Trudeau’s move raises a further question about the rights of protest groups to access cash. If, as Trudeau has done, you are going to prevent people donating to groups with which you do not agree, then you are opening yourself up to accusations of hypocrisy. The Black Lives Matter protests in the US and the Extinction Rebellion protests in the UK also caused disruption, but it would be very dangerous to try and stop their crowdfunding efforts, or declare members “domestic terrorists” (which they plainly aren’t). The rights of assembly and freedom to protest peacefully are guaranteed under the UN charter, of which Canada is a founding signatory. All should have the right to associate with anybody they please, and donate to any group they wish, provided no criminal activity is involved.

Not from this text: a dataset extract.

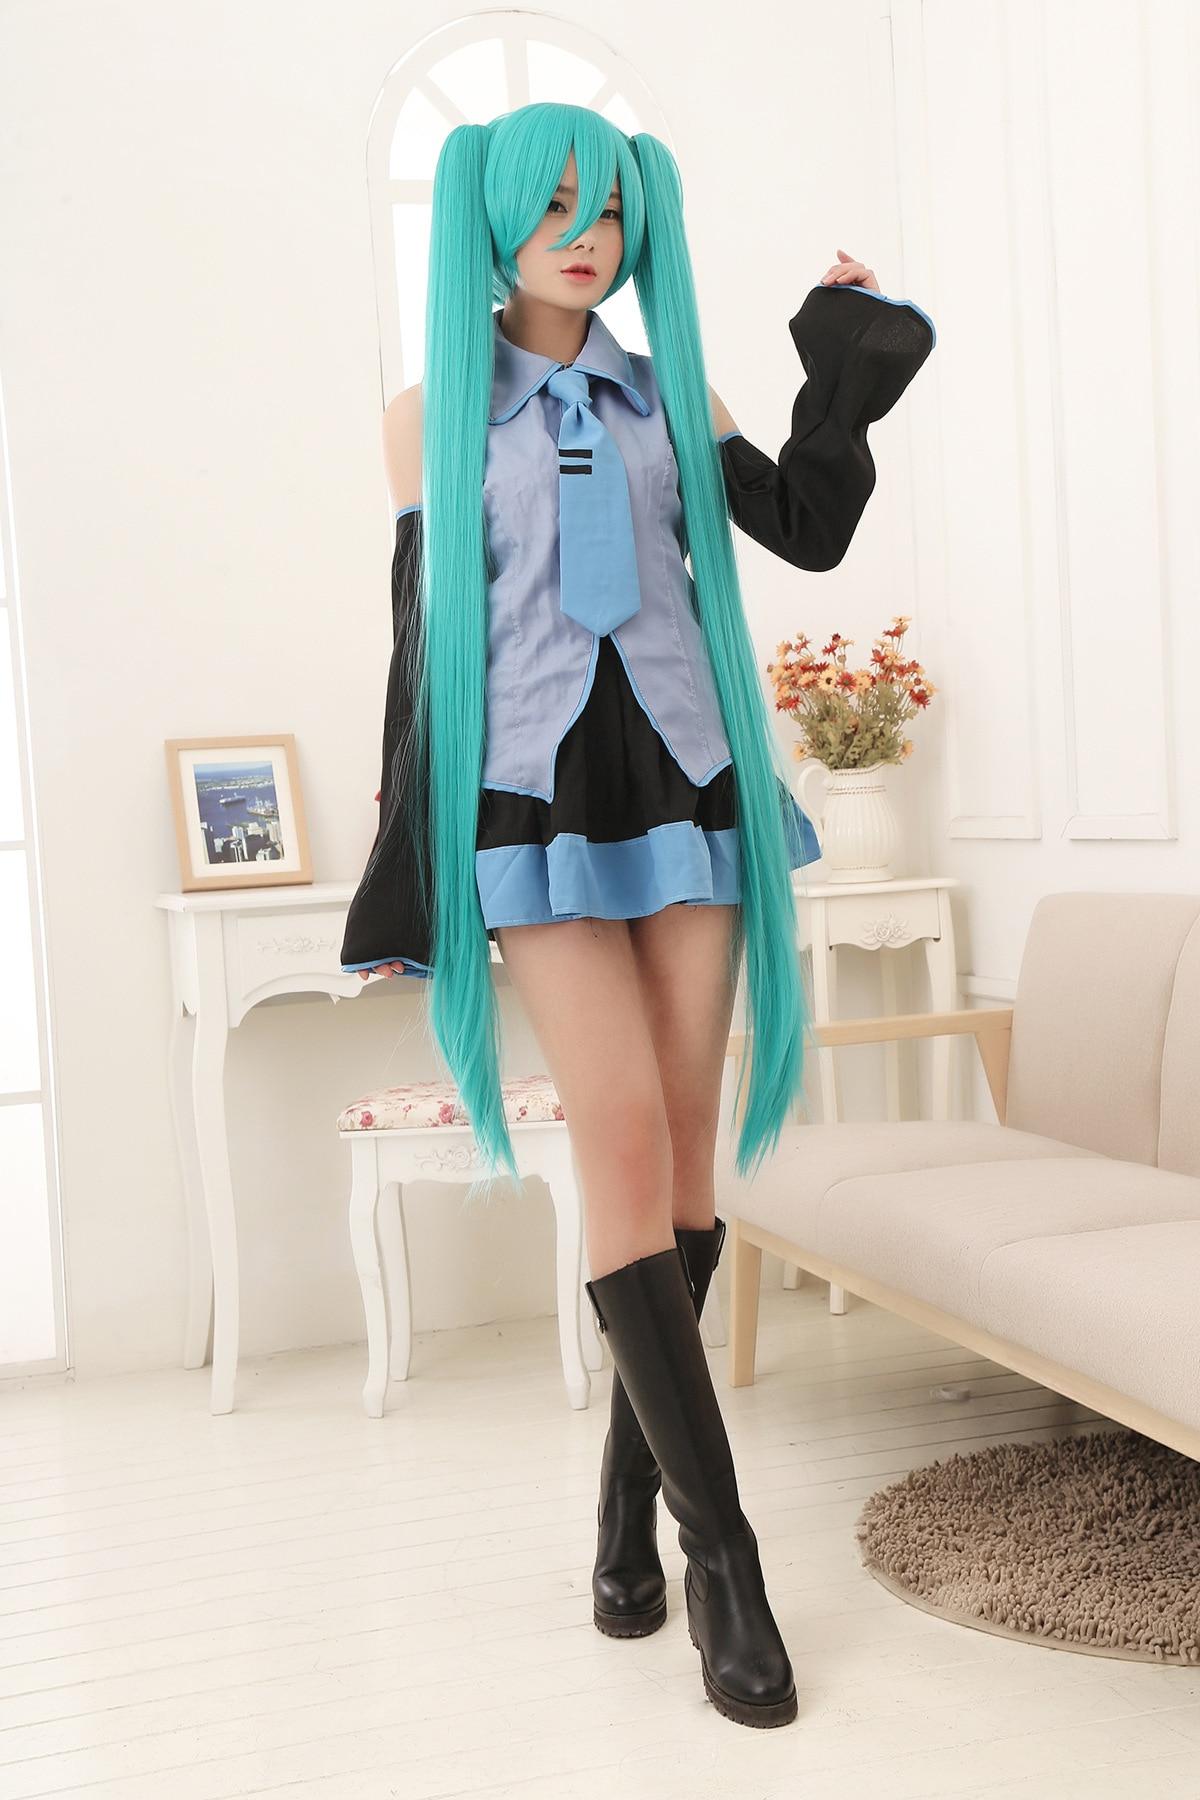 ФОТО Vocaloid Cosplay Hatsune Miku Costume With 130cm Long Miku Cosplay Wig hair Set Free shipping

The concept of civil disobedience is well-established in political philosophy as a legitimate means of protest when the usual routes have not worked. Given Trudeau’s sheer intransigence on this issue – and a complete lack of any engagement – you would be hard pressed to argue that the truckers aren’t within their rights to protest in this way. Particularly when there is a high degree of support for their cause: two-thirds of Canadians now support dropping all Covid-related restrictions.

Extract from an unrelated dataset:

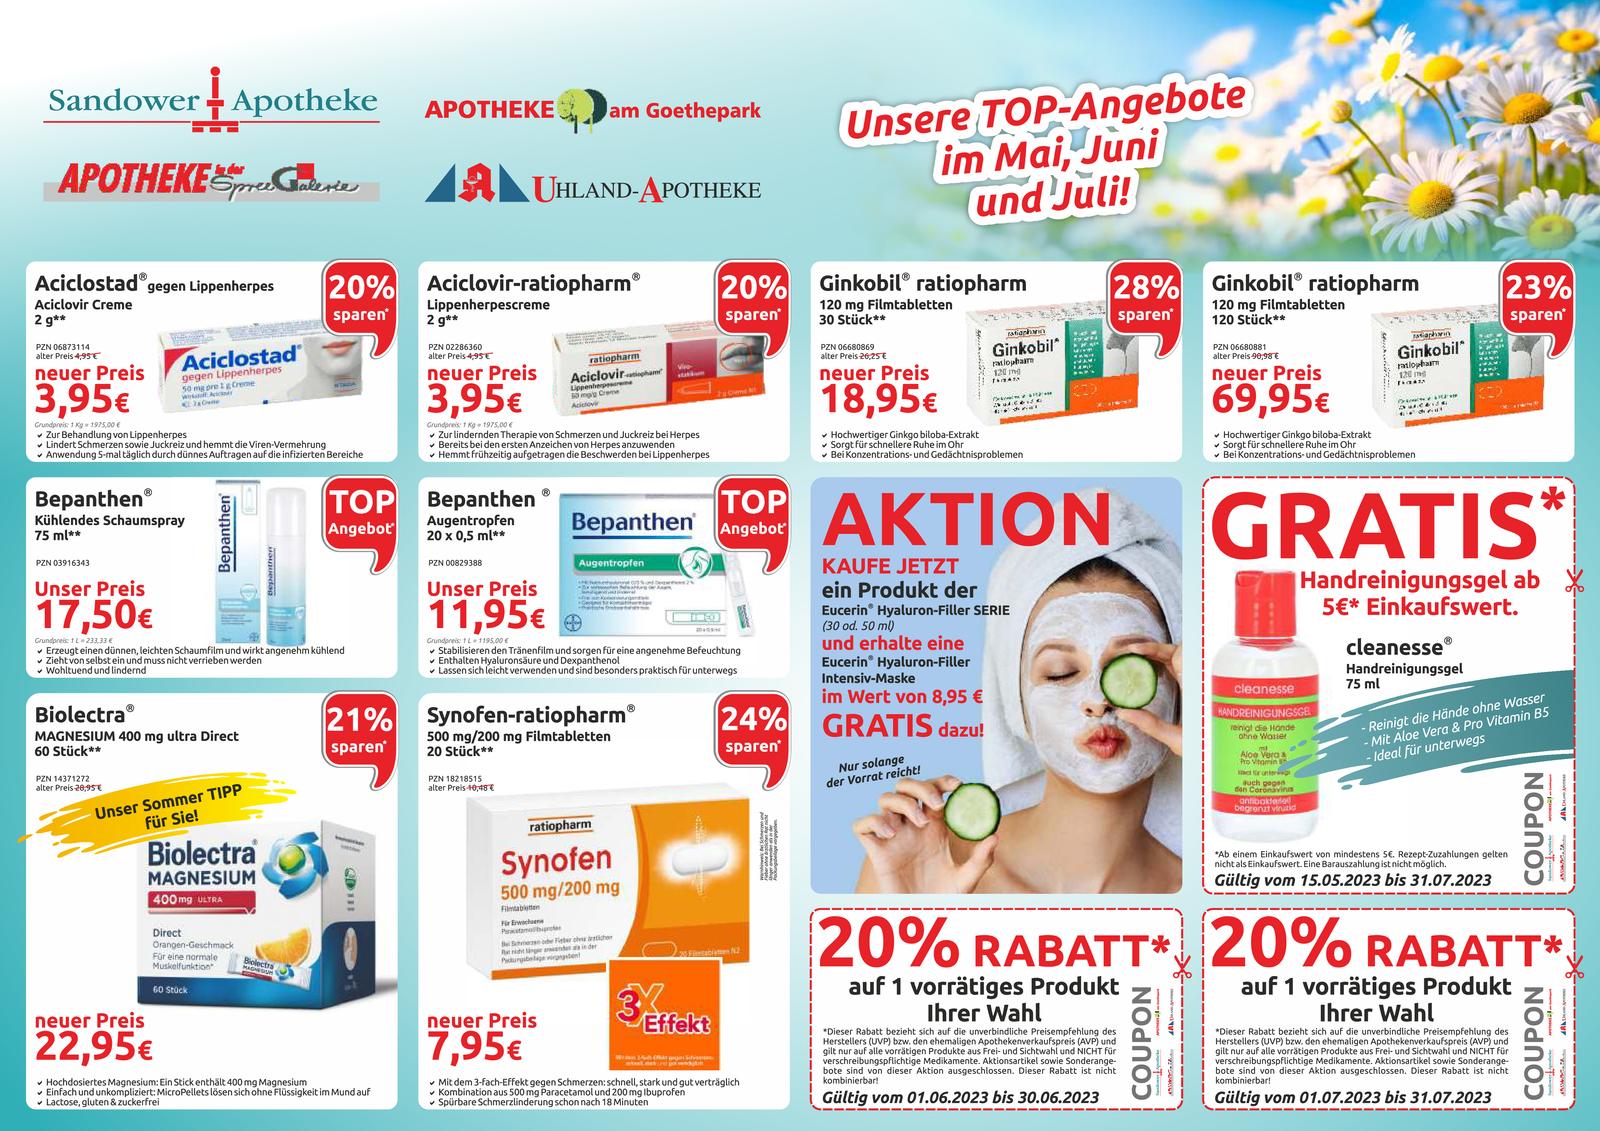 https://mein-uploads.apocdn.net/1274/leaflets/1274_flyer-Seite2.png

Indeed, the right to protest is one that Trudeau has been very quick to promote when adversaries like Russia have displayed similarly lax attitudes towards peaceful protestors like Alexei Navalny:
If you are going to assert that private individuals do not have the right to donate money to groups with which you do not agree, then you also surely must look at the sponsorship deals of major corporations. Coca-Cola, Procter & Gamble, Visa, Toyota, Airbnb and Panasonic have collectively paid at least $1 billion to sponsor the Beijing Winter Olympics – which has been dubbed the “Genocide Games” owing to the Chinese government’s repression of the minority Uyghur population in Xinjiang. And that’s not to mention its crushing of democratic rights and freedom of expression in Hong Kong.
So billions of dollars in sponsorship fees to associate with a government that has been widely accused of human rights violations is legitimate and completely legal? But private citizens donating small amounts of their hard-earned money, to help support peaceful civil disobedience against its government, is equivalent to terrorist funding? Something doesn’t seem right. It seems increasingly likely that Trudeau is misusing his power to bully the little guy into compliance with his political ends, while being unwilling to address the much more important question of how the world’s biggest corporations behave. Of course, this would have absolutely nothing to do with the questionable businesses and individuals his foundation accepts money from, including Chinese Communist Party officials.

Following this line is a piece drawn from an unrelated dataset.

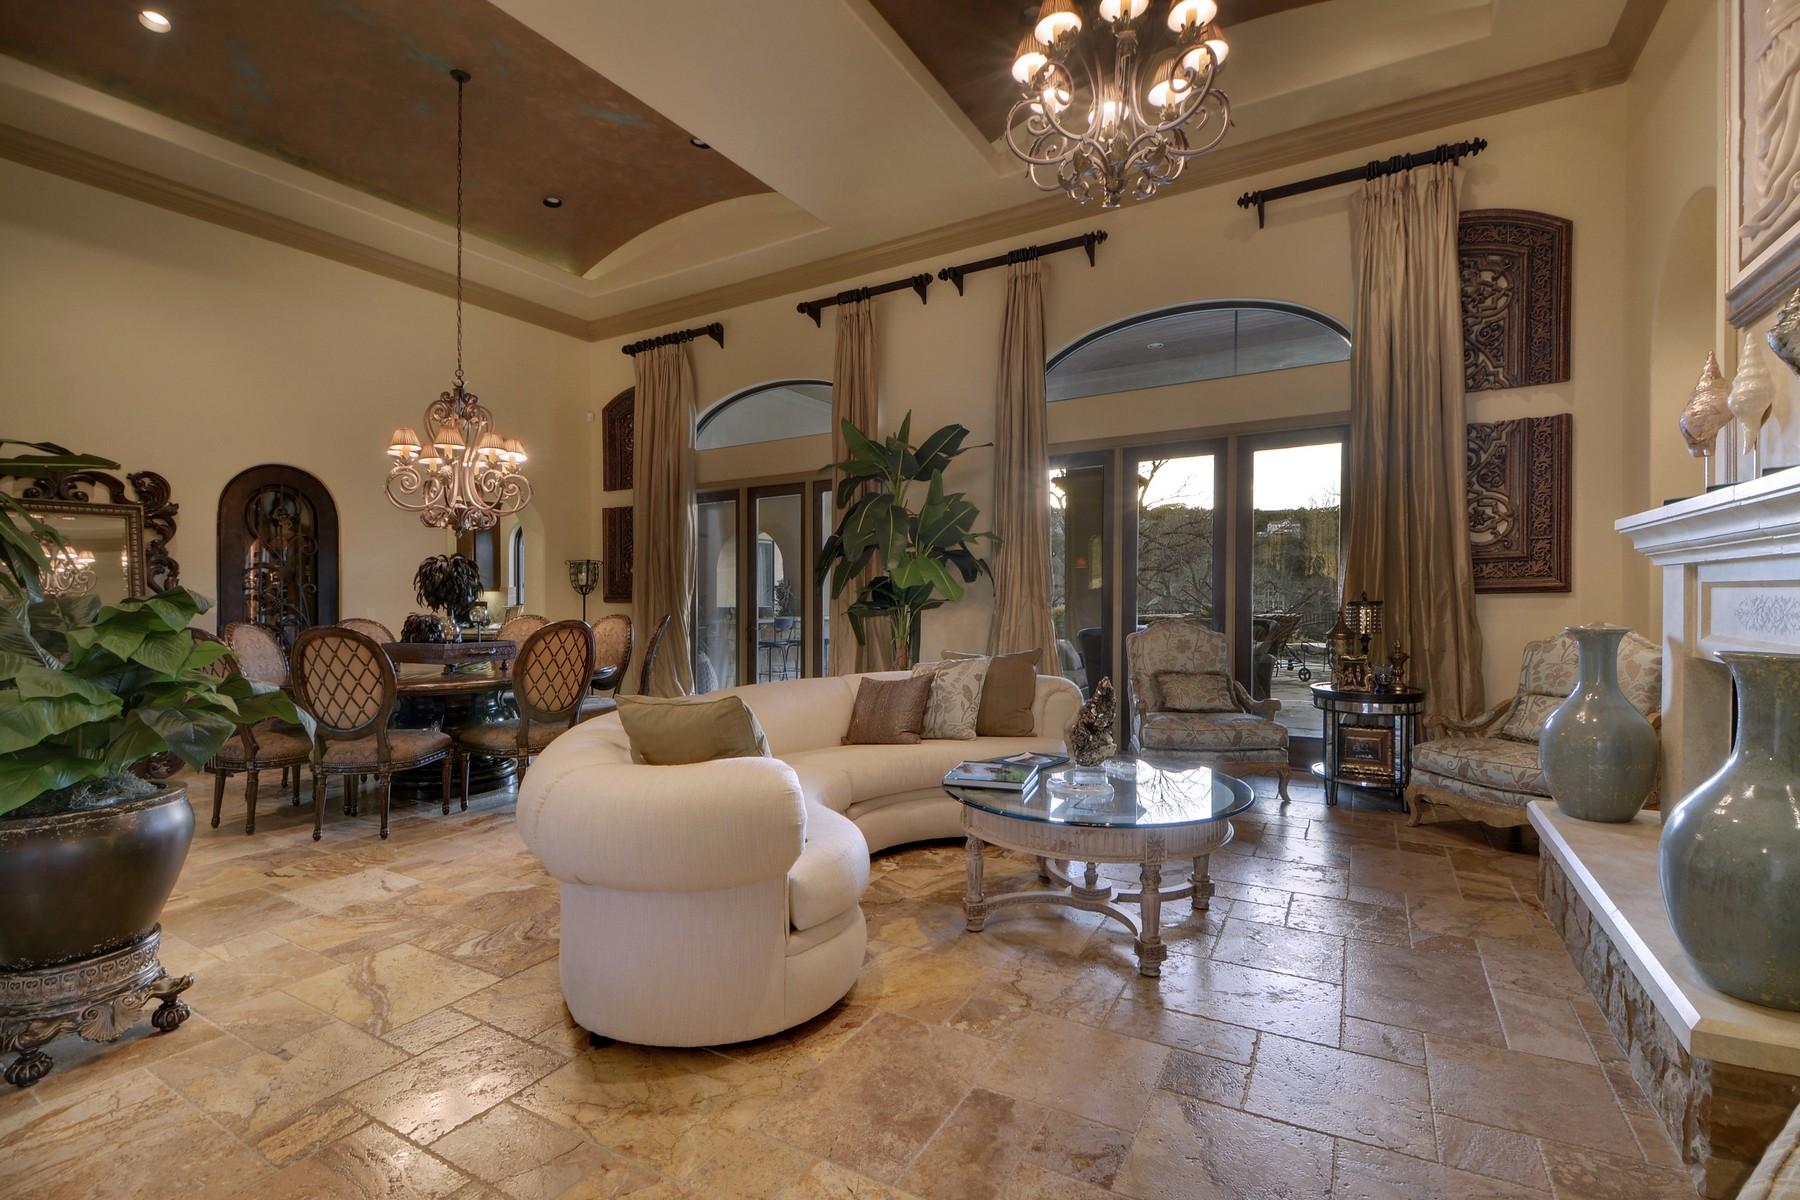 Additional photo for property listing at Lake Austin Estate on 5.8 acres 14300 Flat Top Ranch Rd Austin, Texas 78732 Estados Unidos

Welcome to Canada: where CCP representatives can pay for access to the prime minister, but it is illegal to donate to peaceful protest movements.
The truckers have raised some awkward questions about government power, individual liberties, and political hypocrisy. The movement has exposed inconsistencies in approach and a worrying authoritarian tendency in a founding member of the UN, a G7 country and one of the world’s most important democracies. The silence on the part of those who would usually jump to condemn such actions is also deafening.
What is more worrying still is that what should be the actual issue – Canada’s response to the coronavirus – no longer seems important. Indeed, infections and deaths have been steadily falling throughout the protests. Rather, we are now discussing what the relationship between the governors and the governed looks like: to what extent governments can legitimately restrict the lives of those who inconvenience or embarrass them. That is a much more important question, one which will remain relevant long after this pandemic is consigned to history.